Attachment style was significantly associated with NSSI. Most participants who reported engaging in NSSI behaviors also reported insecure attachment styles. Insecure attachment styles are characterized by affect regulation struggles and anxiety related to abandonment and separation. NSSI may serve as a coping mechanism to manage overwhelming emotion [20], (Klonsky, 2007), [22].

Importantly, 22 percent of those who self-injured did not have BPD characteristics or PTSD and reported being securely attached. This finding suggests the need for further research into NSSI to improve understanding its risks factors, prevalence, and nature among nonclinical populations [28, 58]. One explanation for this group is that NSSI may help alleviate distress or pressure from the goal-oriented college environment, which may exert a stronger and more immediate effect than attachment styles. While this study did not use the DSM-5 criteria for NSSI, this finding provides further support for NSSI to be investigated as condition requiring further study as described by DSM-V [38, 60].

4.1. Limitations of the Study

This study was completed in a liberal art women’s college with a small convenience sample and is not generalizable to other populations. Some of the behaviors may be unique to this group because of the narrow age range of the sample and the unique attributes of the student body. Finally, survey-based tools rely on accurate self-reporting and are prone to self-selection bias, both of which may limit the generalizability of our findings.

Other limitations pertain to the specific instruments used for the diagnoses of PTSD and attachment styles. The P-PTSD instrument is not sensitive to more complex PTSD, which may have affected the women of this sample. Similarly, self-reported attachment instrument may not capture some more subtle manifestations of internal working models. A comprehensive attachment interview may have produced different results.

An instrument on perfectionism may have given further insights, as this is a high-achieving population, and mental distress situational stressors have been found to be a motive for NSSI among college students [25] along with perfectionism [57]. Another limitation is that this study could have benefited if anxiety and depression had been assessed.

5. Conclusion

This study expands on previous research and supports the well-documented findings that NSSI is prevalent among college students. This study adds to a growing body of evidence that college students face complicated mental health problems and may be uniquely prone to engaging in self-destructive behaviors.

This study highlights the need for mental health professionals to be attentive not only to major psychological correlates of NSSI but also to associated characteristics such as sexual orientation and level of parental education. Furthermore, while NSSI is highly correlated to BPD, PTSD, and insecure attachments, the absence of these characteristics does not exclude the possibility of NSSI. Nearly one in four individuals who engage in NSSI did not have these risk factors.

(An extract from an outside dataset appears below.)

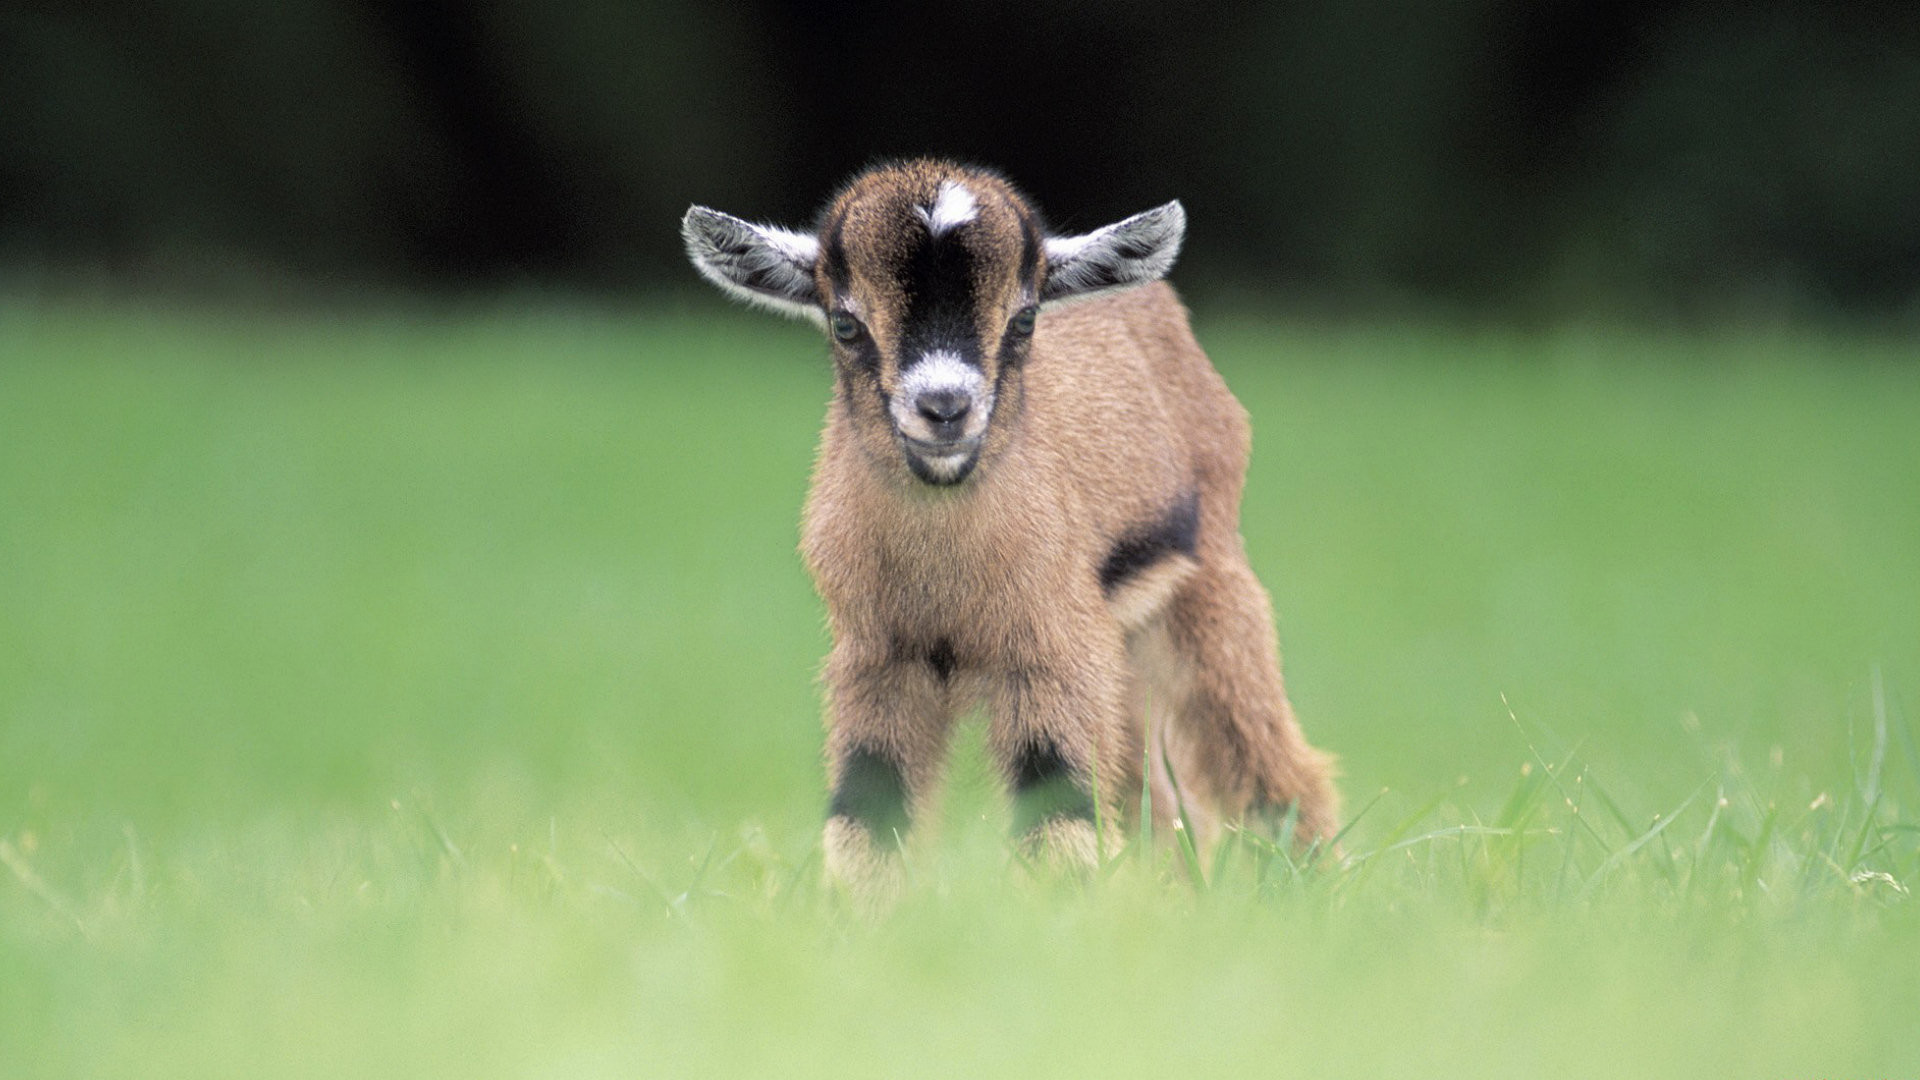 12871 Goat Wallpaper Images Stock Photos  Vectors  Shutterstock

Those individuals may be engaging in NSSI for other reasons. Social workers and allied health professionals in college counseling centers should expect to see students who self-injure with no other major psychopathology. In this study, academic achievement was not associated with the presence of NSSI, and actually the majority of the students excelled academically. Colleges could benefit by implementing NSSI education, screening, and early counseling practices aimed at identification, prevention, and intervention.

These findings provide support that NSSI should be a stand-alone diagnosis rather than a symptom of BPD. This new classification will help identify those nonclinical individuals, gain insight into their unique challenges, and facilitate treatment.

Conflict of Interests

The author declares that there is no conflict of interests regarding the publication of this paper.